The NYT reports:
The former F.B.I. director and his deputy, both of whom former President Donald J. Trump wanted prosecuted, were selected for a rare audit program that the tax agency says is random.
The odds of being selected for that audit in any given year are tiny — out of nearly 153 million individual returns filed for 2017, for example, the I.R.S. targeted about 5,000, or roughly one out of 30,600.
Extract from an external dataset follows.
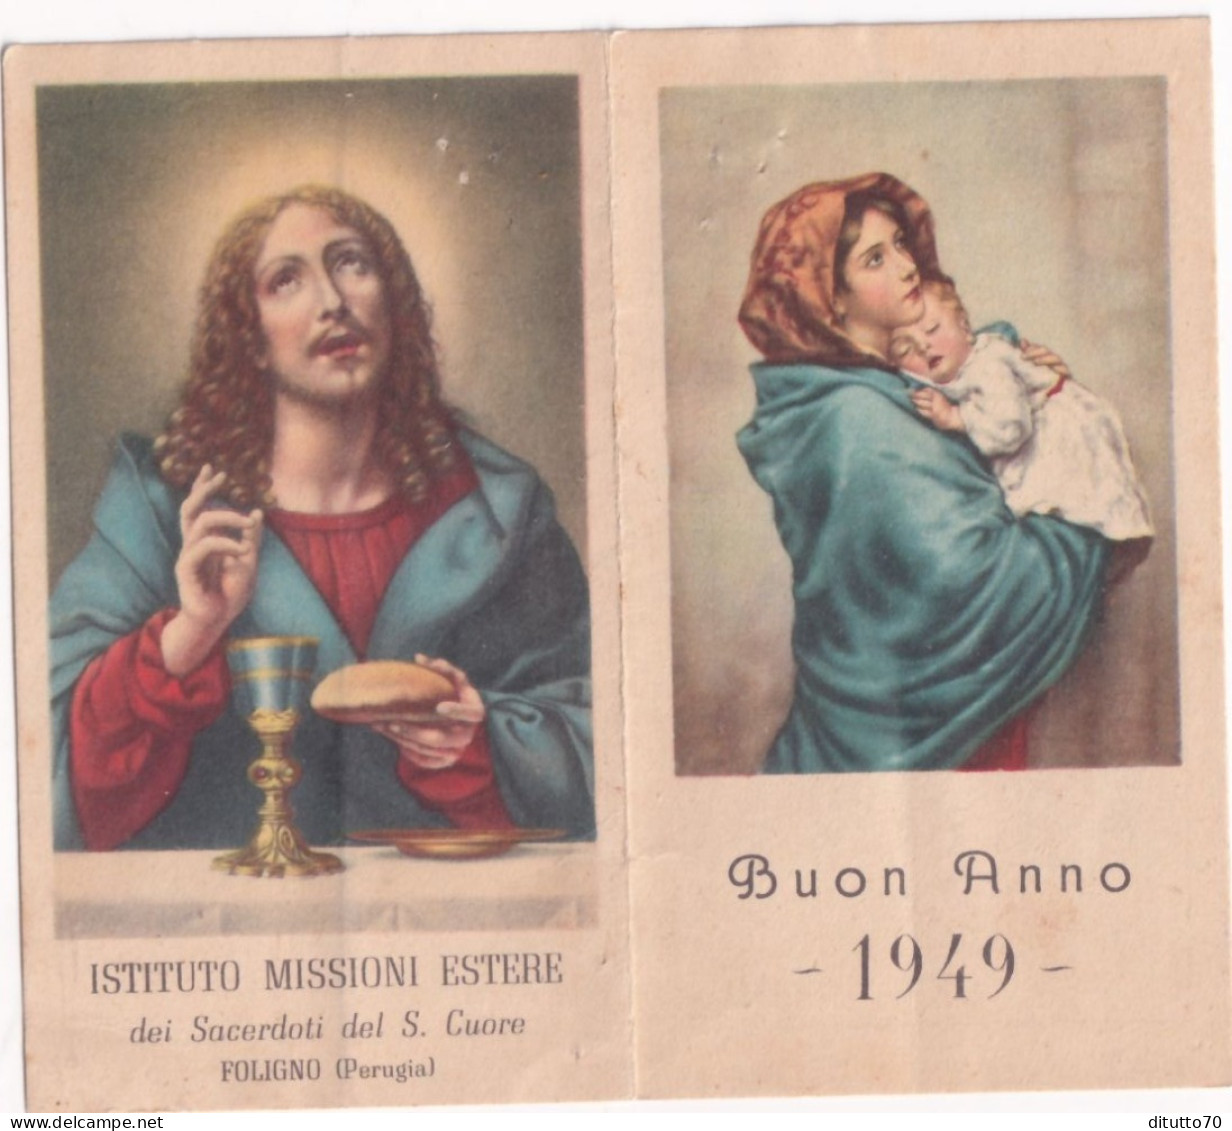 Calendarietto - Istituto Missioni Estere - Dei Sacerdoti Del S.cuore - Foligno - Perugia - Anno 1949 - Small : 1941-60

I'm trying to understand how we can know if these are independent events -- just in terms of the statistics, without knowing anything more about the case.
If we say independence means: P(XY) - (P(X) + P(Y)) = 0
Then we are saying: the probability of the joint occurrence is equivalent to the linear addition of the individual probabilities.
So is this true?
Let's say the process of selection is not random but is instead corrupt and the two have not yet been selected for tax audit. It's 2017, and the probability of joint occurrence (P(XY)) is high, say 95%.
On the face of it, the probabilities do not seem independent. However, maybe they are. We could say that the probability that one gets audited is 1/30,600 (P(X)) and the other is also 1/30,600 (P(Y)).
That implies dependence by our definition, even though this doesn't intuitively make sense to me. Is it correct to think about the joint probabilities this way?
It seems intuitively that once you know that one is selected, the odds the other is selected goes up massively. So there's some dependence.
But should we simply consider the individual probabilities so low -- or should they also be much higher because each person has a high chance of being audited, jointly or not? I'm confused how we rate individual probabilities in this instance and how it connects to independence.